Egypt, 1936: When anthropology student Charlotte Cross is offered a coveted spot on an archaeological dig in Egypt’s Valley of the Kings, she leaps at the opportunity. That is until an unbearable tragedy strikes.
New York City, 1978: Nineteen-year-old Annie Jenkins is thrilled when she lands an opportunity to work for former Vogue fashion editor Diana Vreeland, who’s in the midst of organizing the famous Met Gala, hosted at the museum and known across the city as the “party of the year.”
Meanwhile, Charlotte is now leading a quiet life as the associate curator of the Met’s celebrated Department of Egyptian Art. She’s consumed by her research on Hathorkare—a rare female pharaoh dismissed by most other Egyptologists as unimportant.

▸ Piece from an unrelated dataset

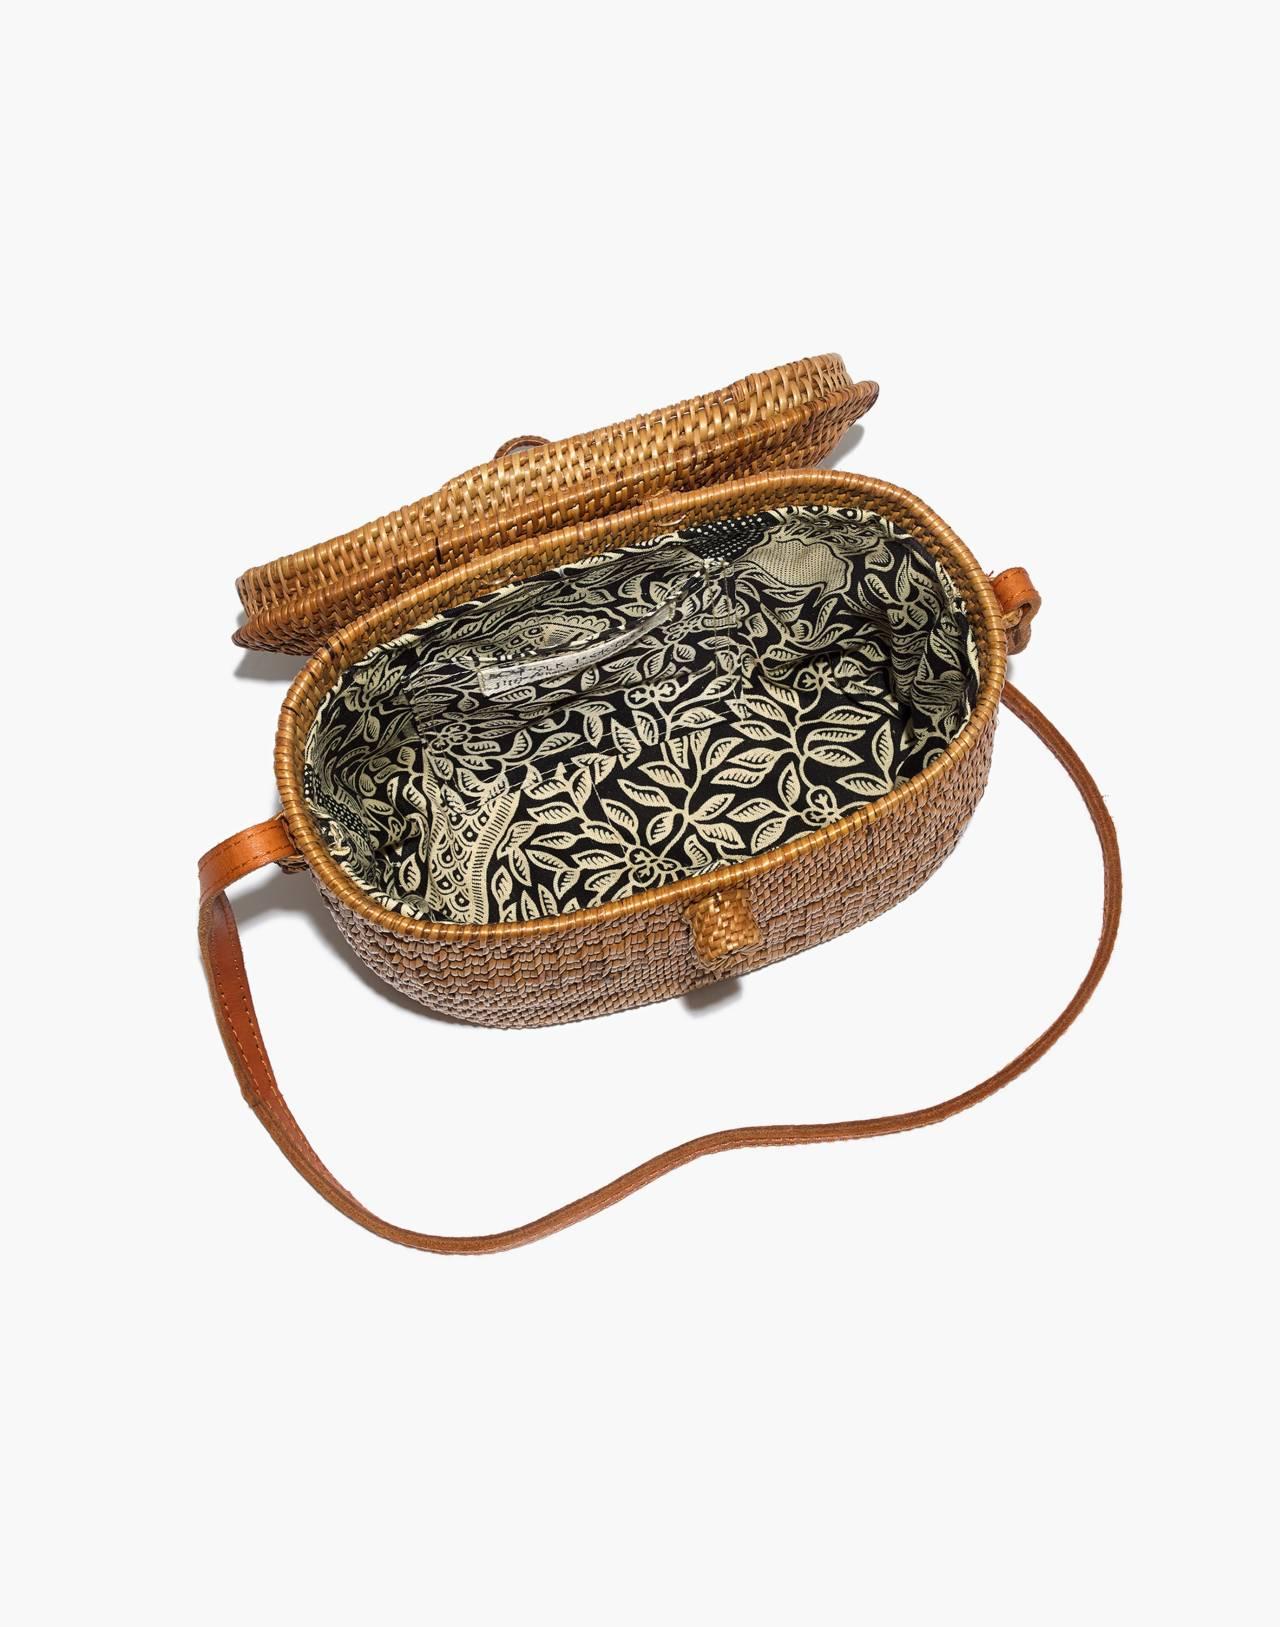 Folk Fortune Bali Rattan Top-Lid Bag in rattan image 3

The night of the gala: One of the Egyptian art collection’s most valuable artifacts goes missing, and there are signs Hathorkare’s legendary curse might be reawakening. Annie and Charlotte team up to search for the missing antiquity, and a desperate hunch leads the unlikely duo to one place Charlotte swore she’d never return: Egypt. But if they have any hope of finding the artifact, Charlotte will need to confront the demons of her past—which may mean leading them both directly into danger.
PUBLISHERS WEEKLY
In this alluring outing from Davis (The Spectacular), two women team up to find an artifact that's gone missing from the Metropolitan Museum of Art. It's 1978 and curator Charlotte Cross, who specializes in Egyptian antiquities, has spent the past three years working to prove female pharaoh Hathorkare was not "universally reviled," and that her visage was not damaged directly after her death, as conventionally believed, but decades later. Charlotte must visit Egypt to prove her thesis, a trip she's avoided because of devastating memories from when she studied abroad there in the 1930s. In a parallel narrative, 19-year-old housekeeper Annie Jenkins dreams of becoming a fashion designer. When she lands a job as the assistant to Met Gala organizer Diana Vreeland, she thinks she's hit the jackpot. But the night of the gala, one of the museum's most famous Egyptian pieces disappears, and Charlotte and Annie join forces to track it down. Their search leads them to Egypt, where Charlotte will finally face her past—if she and Annie aren't killed first. The action-packed novel brims with Davis's customary meticulous research and adds insight to debates over whether artifacts should remain in their country of origin. There's plenty of substance to this rousing adventure.